И не подлость ли, не низость ли, что хватает у нее совести на это? Зверь гибнет, а детенышей своих куда бы подальше в нору или в кусты прячет, зверю детьми своими от смерти отгораживаться не дано. А люди? Рубят и убивают друг друга, и жалости нет в них ничуть, а когда жизнь вымаливают – вымаливают ее ради детей и даже, бывает, несут дите впереди себя на руках, защищаются крохотным его тельцем!

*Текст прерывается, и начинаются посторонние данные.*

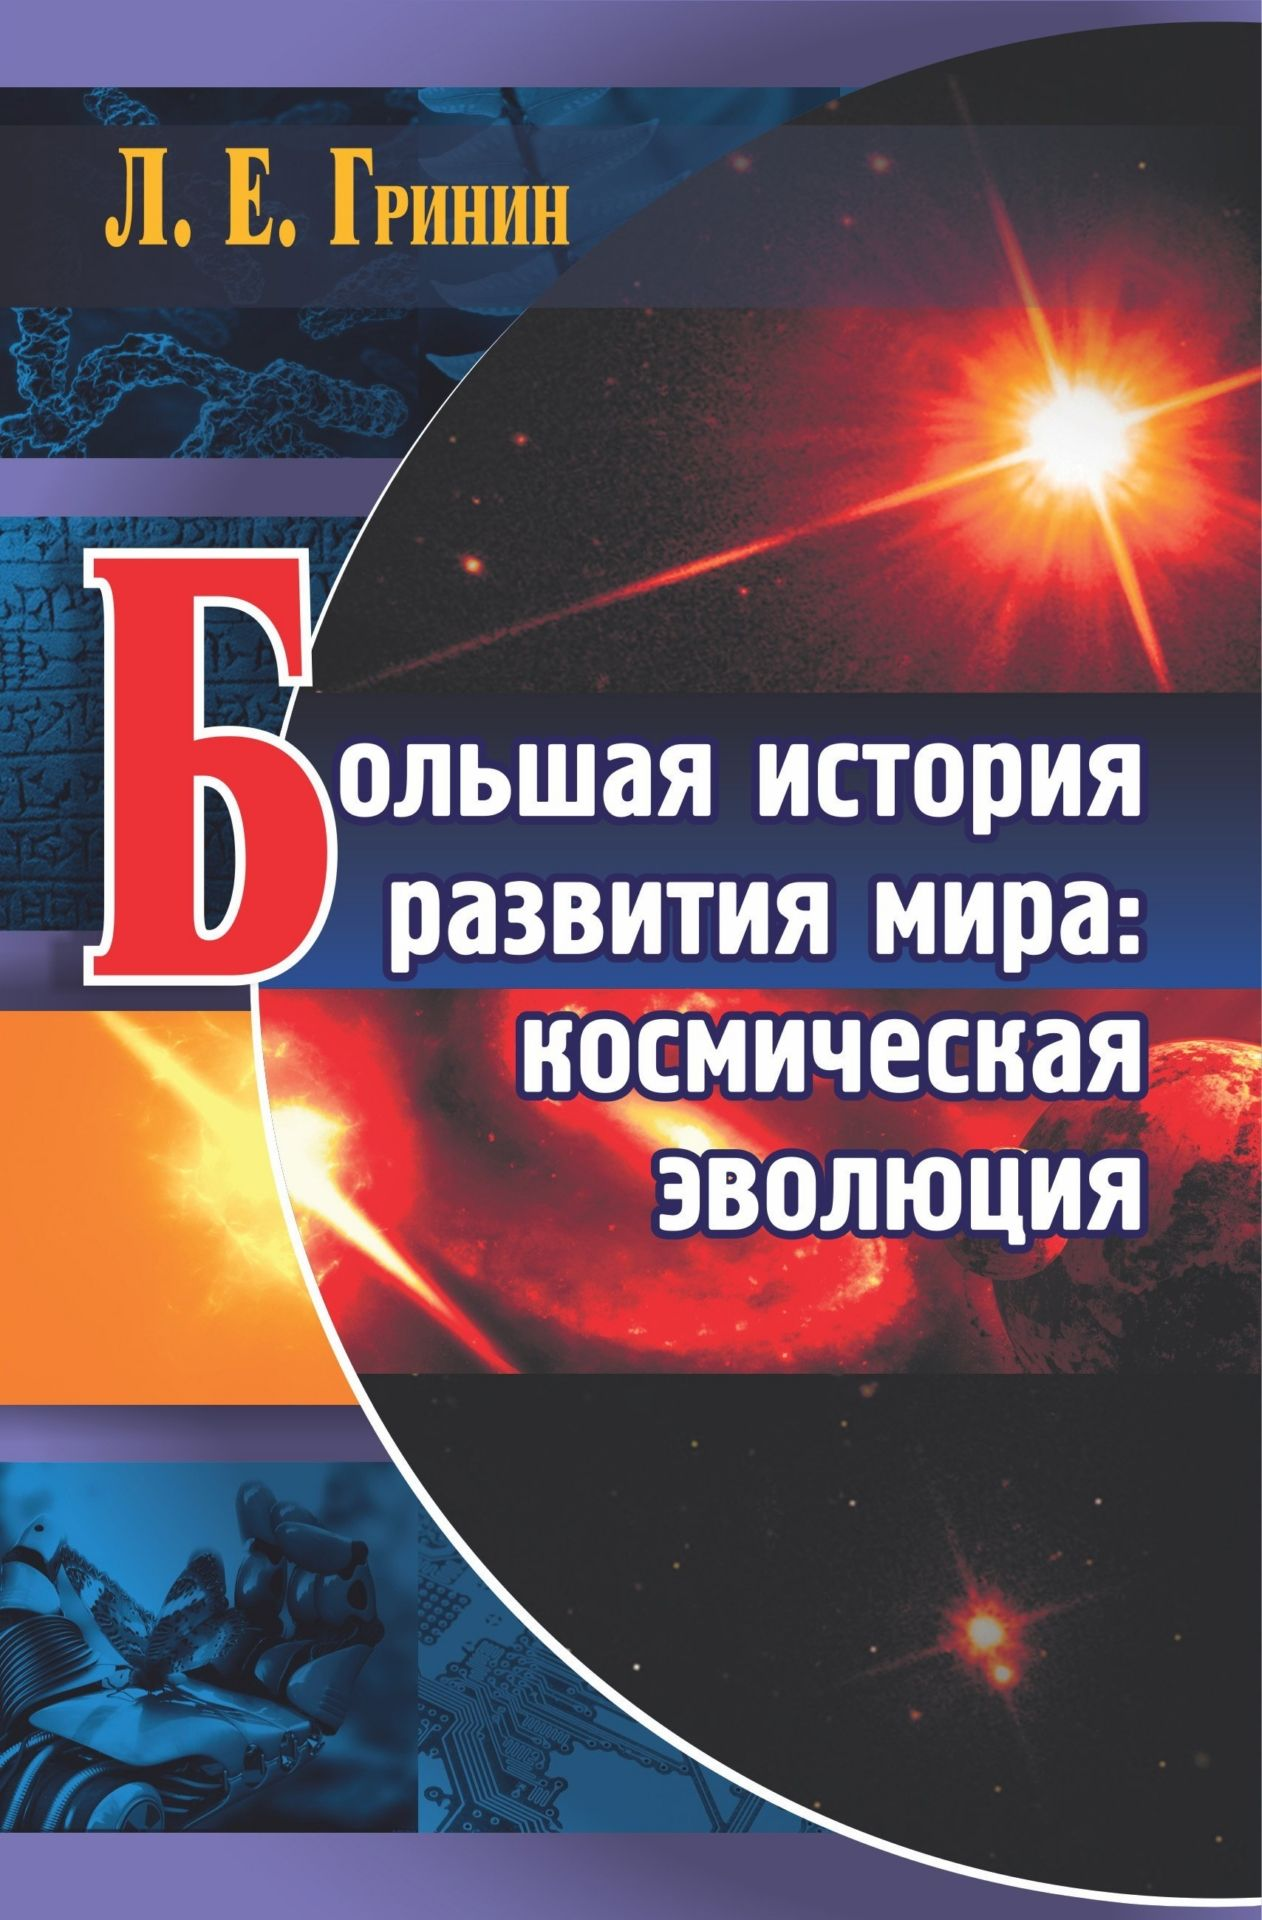 Большая история развития мира: космическая эволюция

– Я вину с себя не сниму сроду, дите мое! – шептала Дора во тьме. – Я за всех баб, за всех мужиков грех этот на себя приму и на колени перед тобой становлюсь, обливаю тебя слезами!
И становилась Дора на колени, и плакала молча и долго в черном и душном логовище своем. И обещала вцепиться обеими руками в Ефрема, чтобы не воевал он больше, чтобы не стрелял ни в кого, и в него чтобы никто не стрелял…
В отчаянии шептала Ниночке обещание, а ведь знала: не сделает этого! Может даже, она и могла Ефрему его военную жизнь до конца испортить. Могла бы…
Упрекала бы его каждый день, проклинала бы его ежечасно именем тех, кого убил он в этой войне.
И он от войны ушел бы. Все может быть – ушел бы.
Но ведь и от нее самой тоже отшатнулся бы навсегда. Про нее бы забыл в тот же час, как прошлогодний какой-то день забывают. И еще – отшатнулся бы от самого себя, другим стал бы человеком – не Ефремом Мещеряковым, а вовсе другим каким-то…
Она его знала, Ефрема. Она-то ничего, ни одной малости о нем никогда не могла забыть. Девкой шла за него замуж – уже тогда про него знала все. Не обманывала себя, объясняла себе, что придется прощать ему, прощать и прощать без конца, всю жизнь, потому что нет ничего, что она простить ему не смогла бы.